In some ways the current growth of Ruby outside of Japan parallels the growth process that Python went through during the later part of the '90s: making the transformation from obscurity to garnering the widespread attention of various nebulous Internet luminaries who step forward to profess its superiority to mainstream business languages in terms of flexibility and rapid deployment. Like early Python growth much of the exultation stems from the perceptions of a web framework, with even Apple Computer coming forth to associate its brand with Rails and high-traffic sites like Penny Arcade transitioning to the framework.

Some part of the growth of Ruby's recognition may be explainable in terms of the protracted development of Perl 6 and its ever-more baroque syntax, dissatisfaction with the Java-like direction the PHP language has been taking, and some waning interest with the cost of developing Java solutions to problems that are not compute-bound. I suspect that it is the dissatisfaction of web developers with the direction of their tools that makes them most susceptible to the siren call of new languages, especially those professing the ability to write the same programs in a much shorter period of time with more clarity. Application developers are slower to adopt the use of new languages outside of the domains of scripting and plug-in development, with the majority of desktop software meant for the home user still being developed in C, C++, and in the case of the growing Apple market: Objective-C.

It is because of this obstinacy that application developers have that much of the early successes of languages like Python and Ruby rise upward by following Java's path into the back-end with what become flagship projects that come to represent the language to adopters and spectators in its early form.

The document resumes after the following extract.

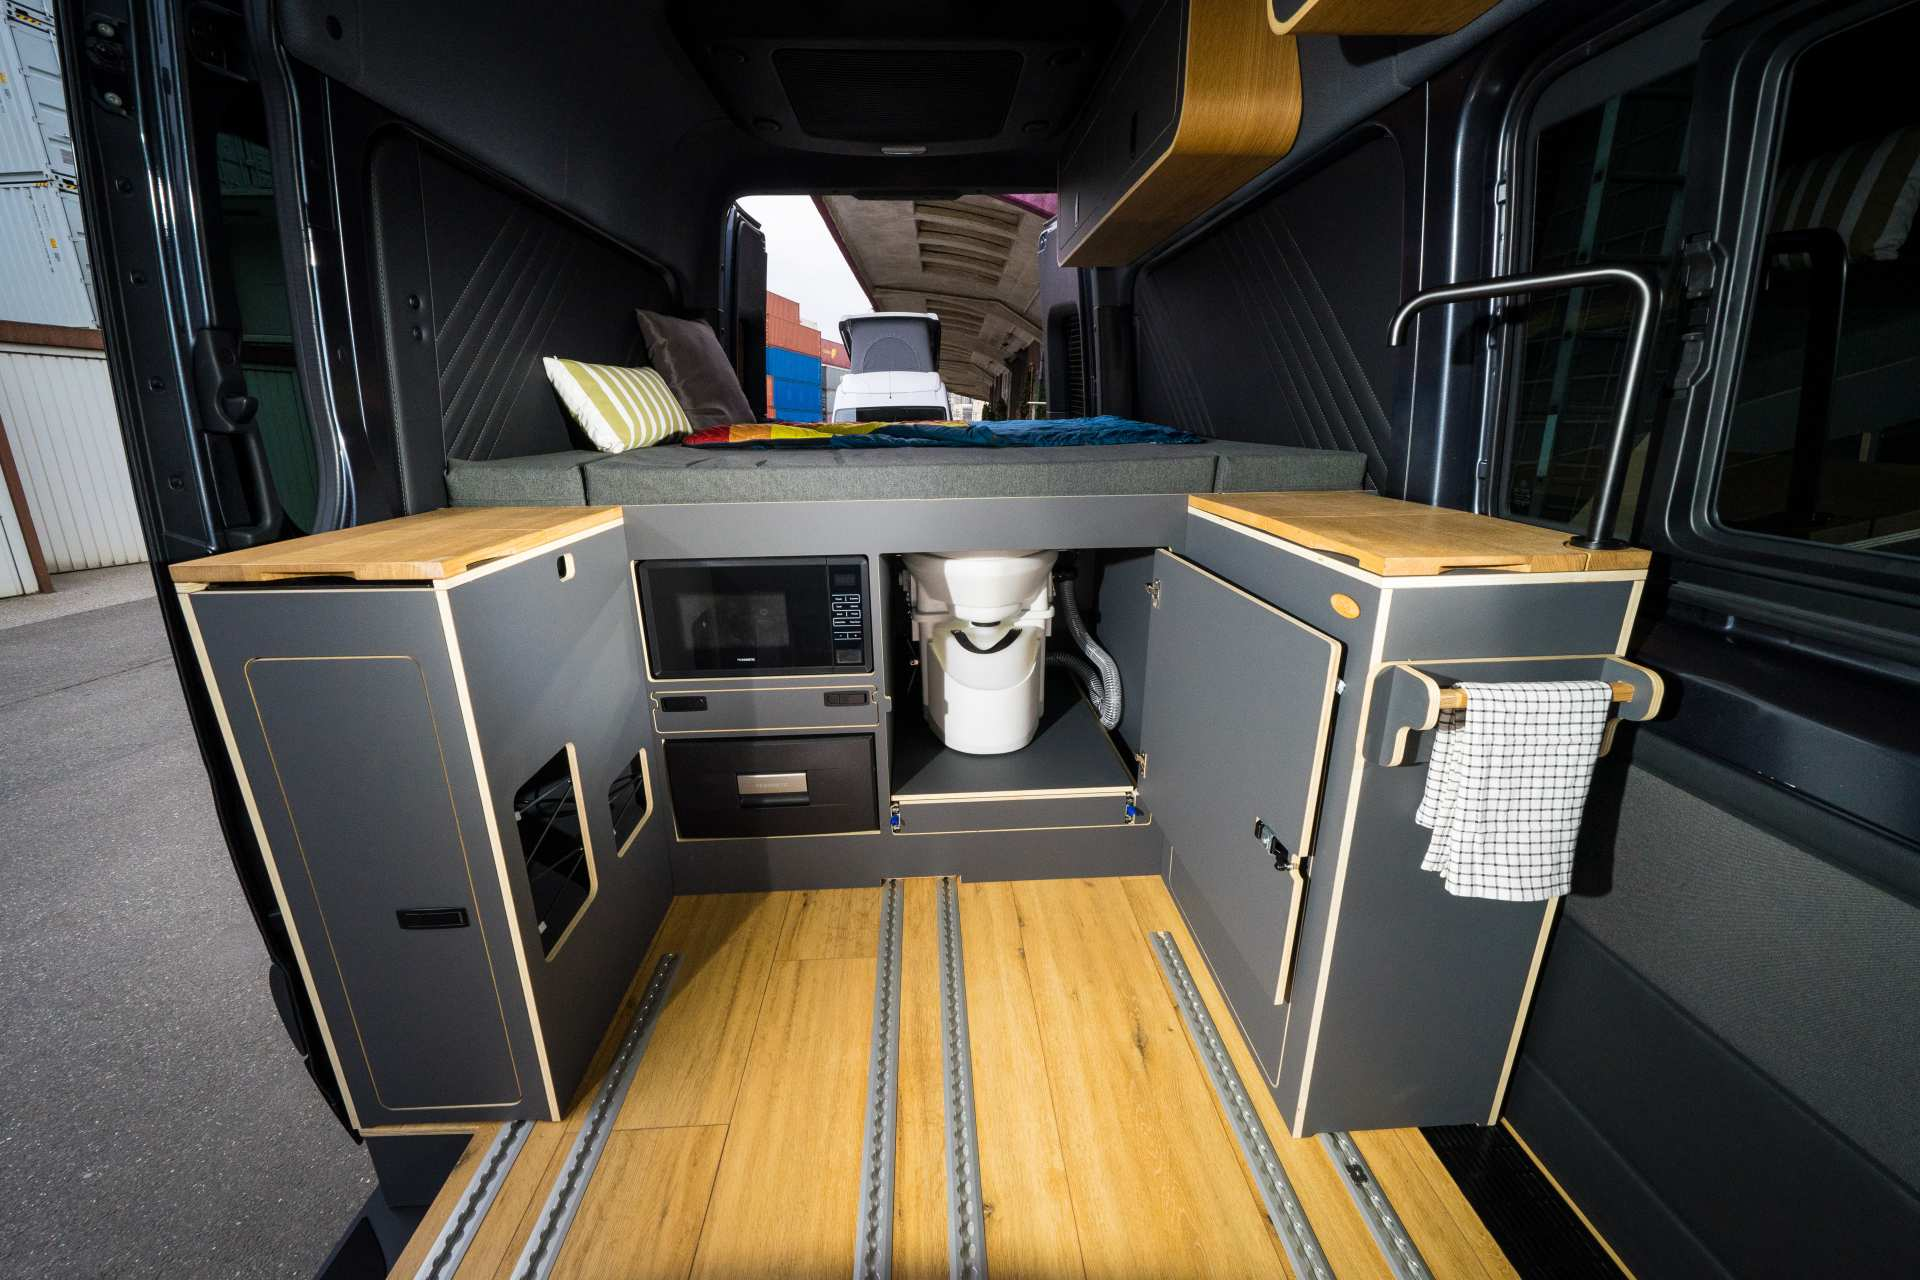 Individualausbau: Mercedes L2 H2 Mixto - 11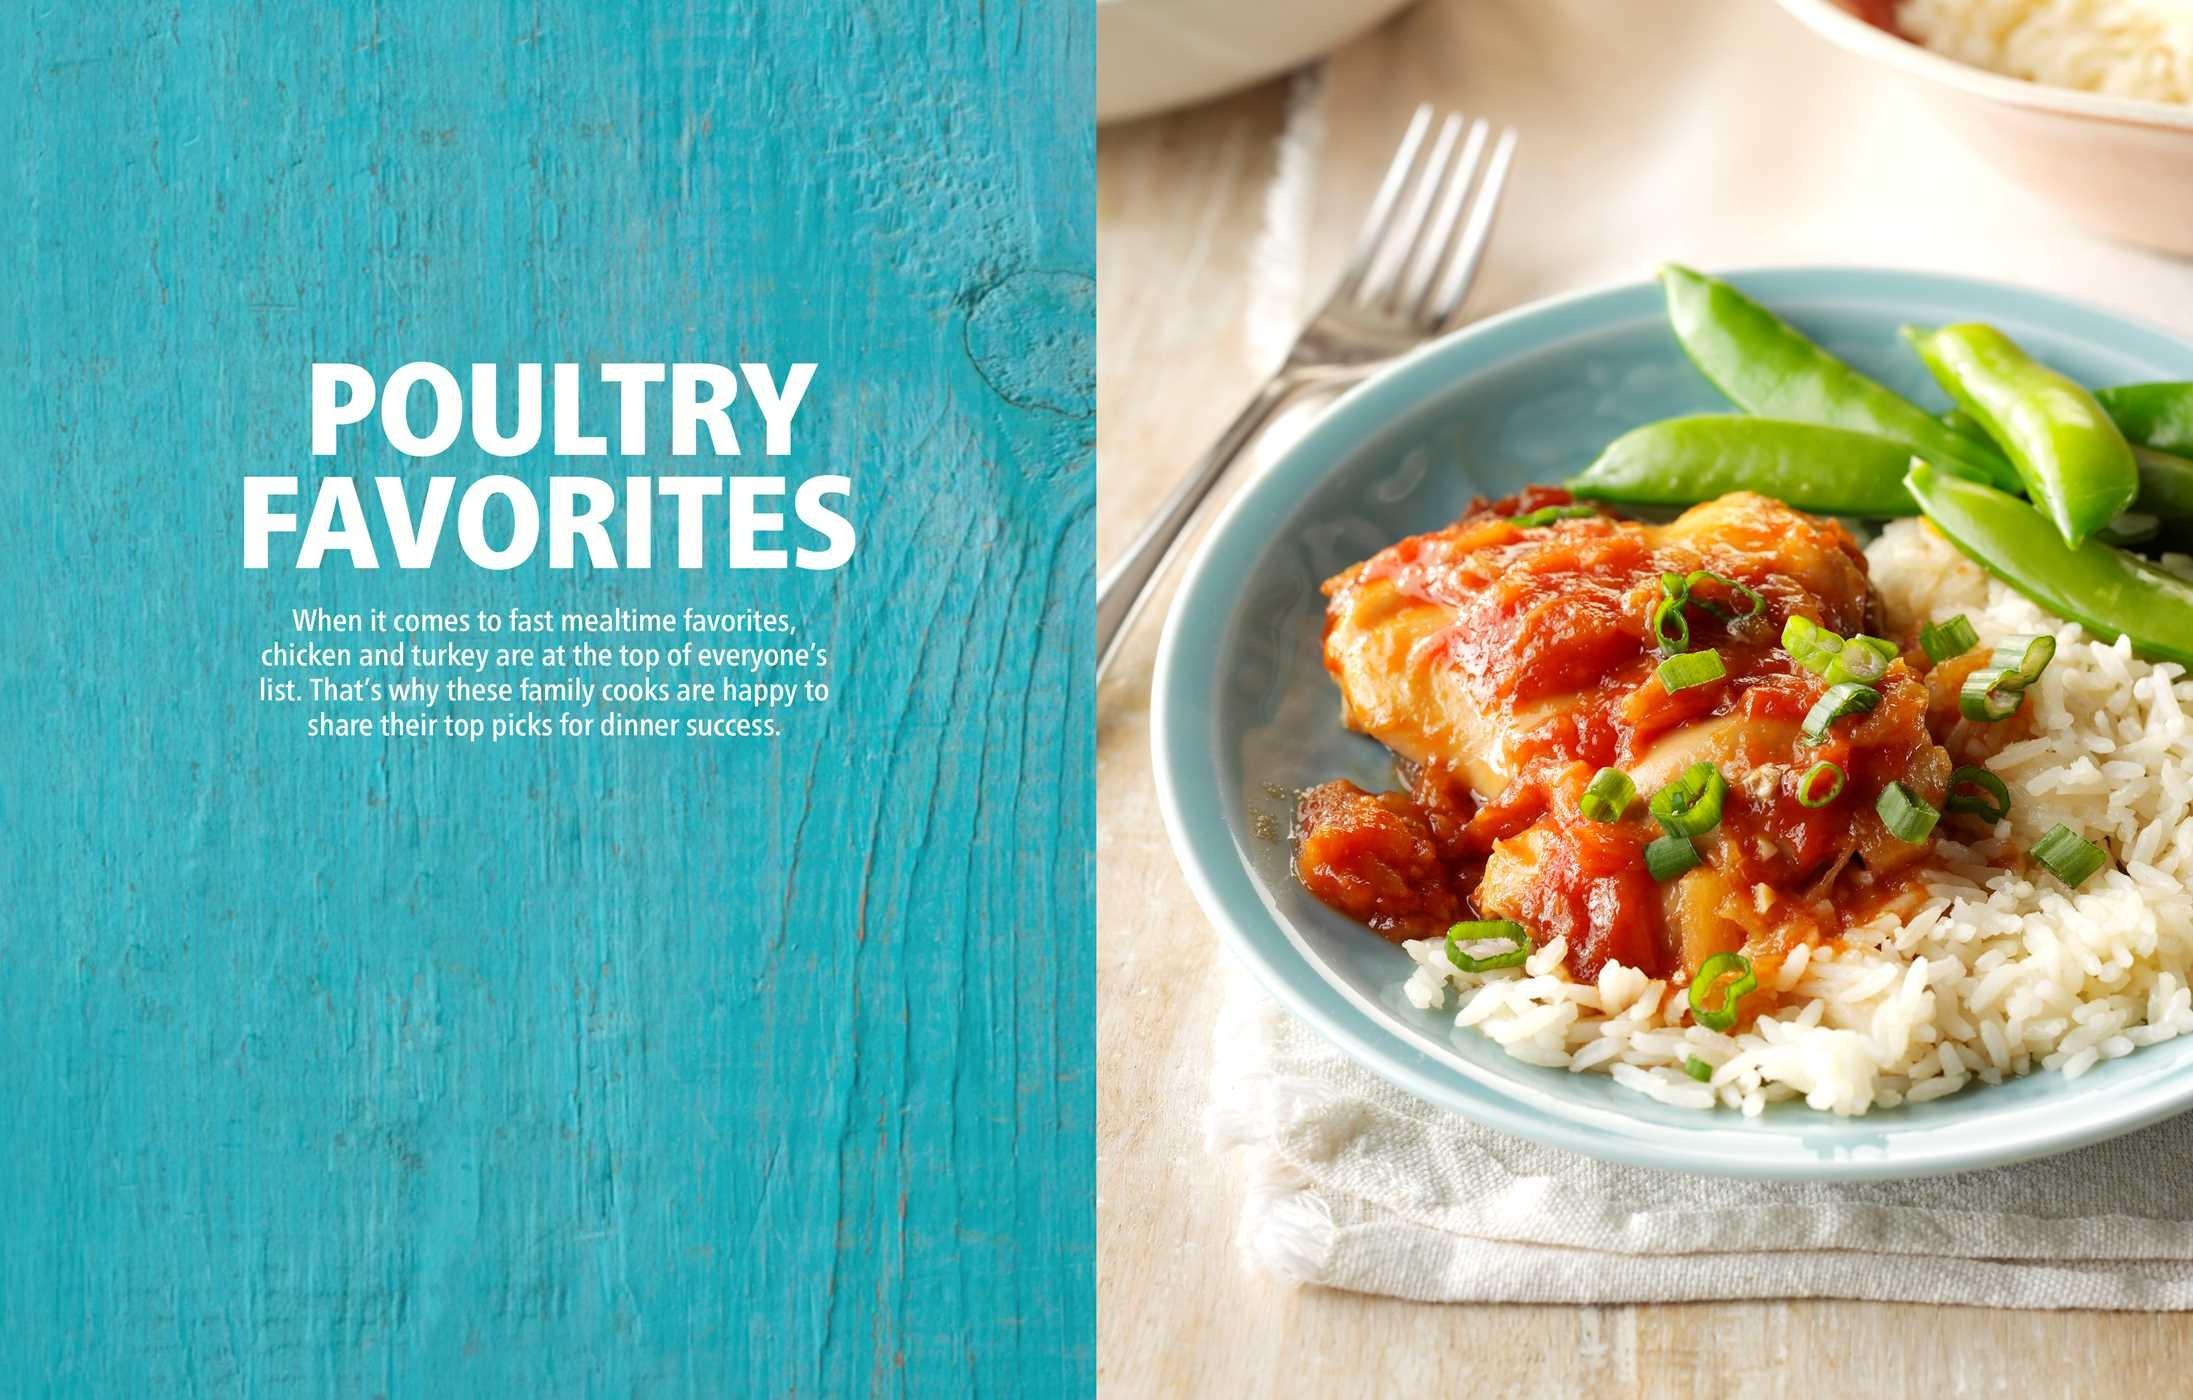 Taste of home instant pot cookbook 9781617657665.in06

Python had its Zope and now Ruby has its Rails.

Unfortunately this monocular fixation is a double-edged sword, and just as the successes of Rails can raise Ruby itself upward and spark new interest in developers that will branch out the competency of the available libraries, bad publicity for Rails could mute continued interest in Ruby, and losing the favor of its current famous advocates could spell the death of its potential to breach outward into a larger audience. It is for this reason that it is important for Ruby developers to ardently diversify the public successes of Ruby so that the sensational headlines of the Internet news cycle and the fickle nature of developer fashion do not spell an end to a promising beginning.

Flaws in software are inevitable, but when the spotlight is shining down upon you it is the spectacle of these flaws that will be remembered by the over-sensitive minds of managers when the time comes to decide what architecture to use for new developments. Diversifying the splotlight of Ruby will make it less susceptible to such damage.